*Task prompt*. The reply should repeat all of the data word for word, with no pictures.
---------- Dataset section ----------
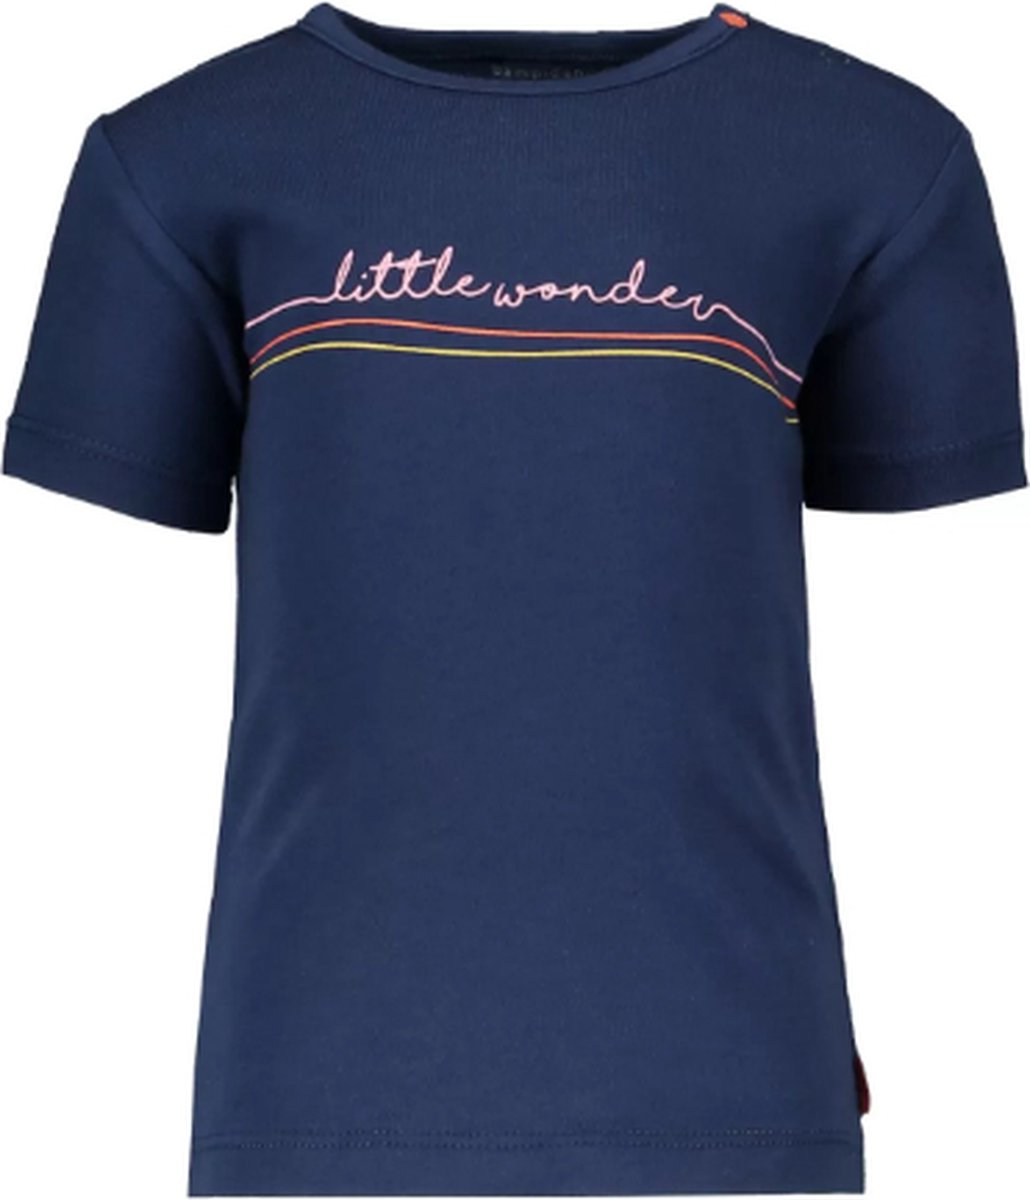 Bampidano - T-shirt donkerblauw met Little wonder in roze - Maat 56
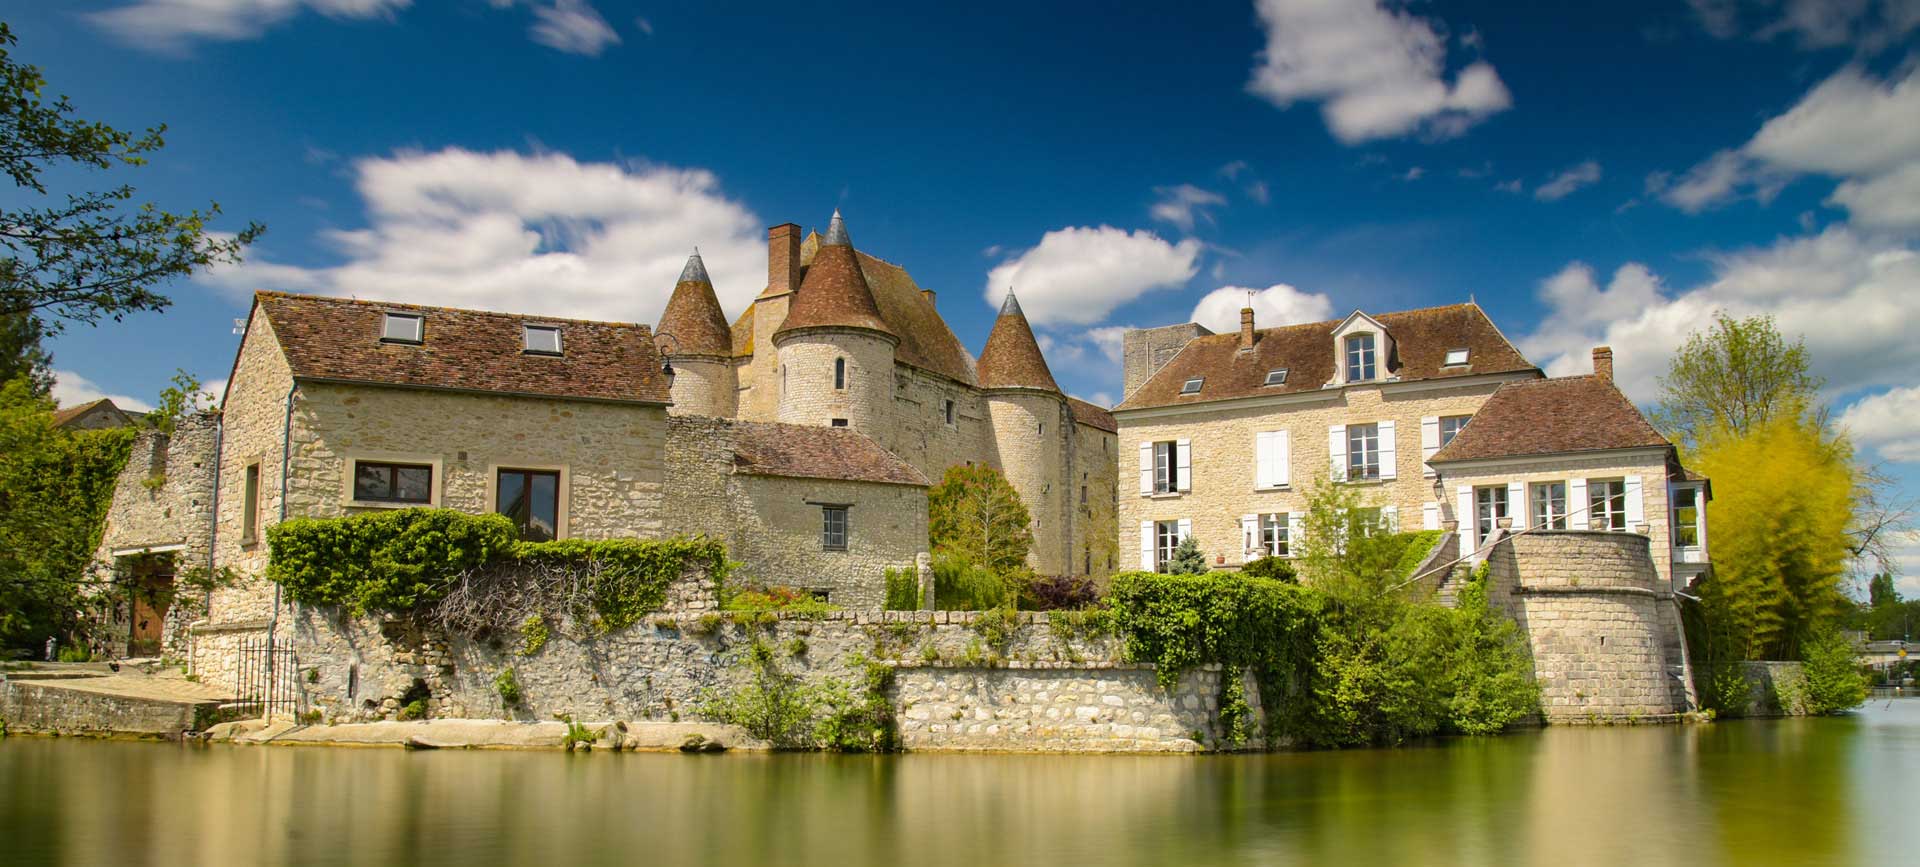 Château de Nemours sud-est de la région parisenne dans le département de Seine-et-Marne
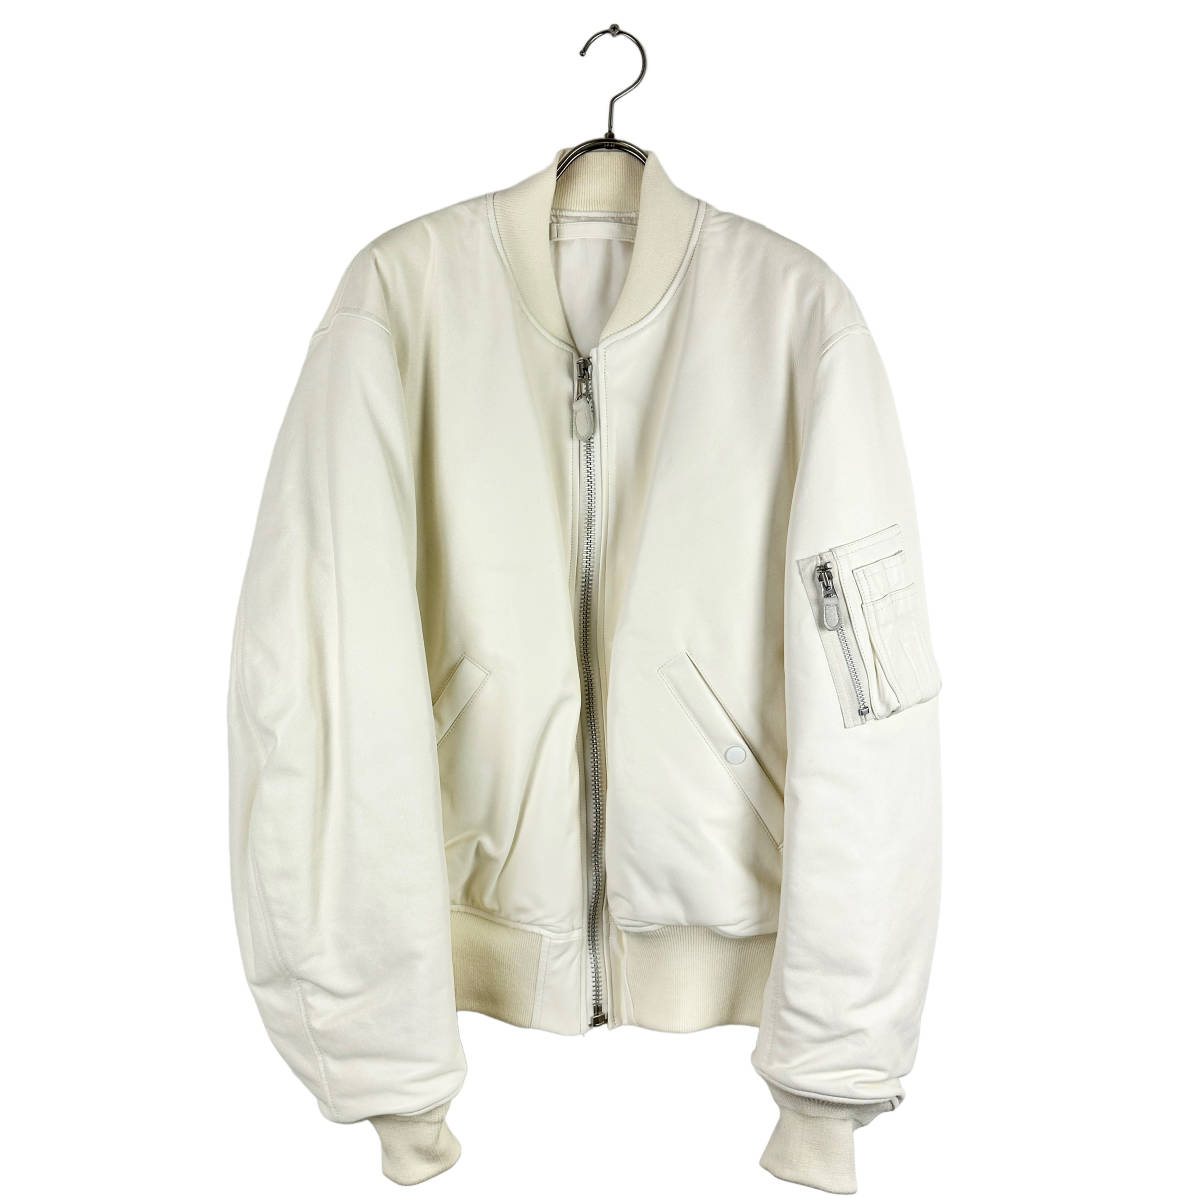 COMOLI (コモリ) leather bomber jacket (white)-
----------
*Response to the task*.
 Bampidano - T-shirt donkerblauw met Little wonder in roze - Maat 56
 Château de Nemours sud-est de la région parisenne dans le département de Seine-et-Marne
 COMOLI (コモリ) leather bomber jacket (white)-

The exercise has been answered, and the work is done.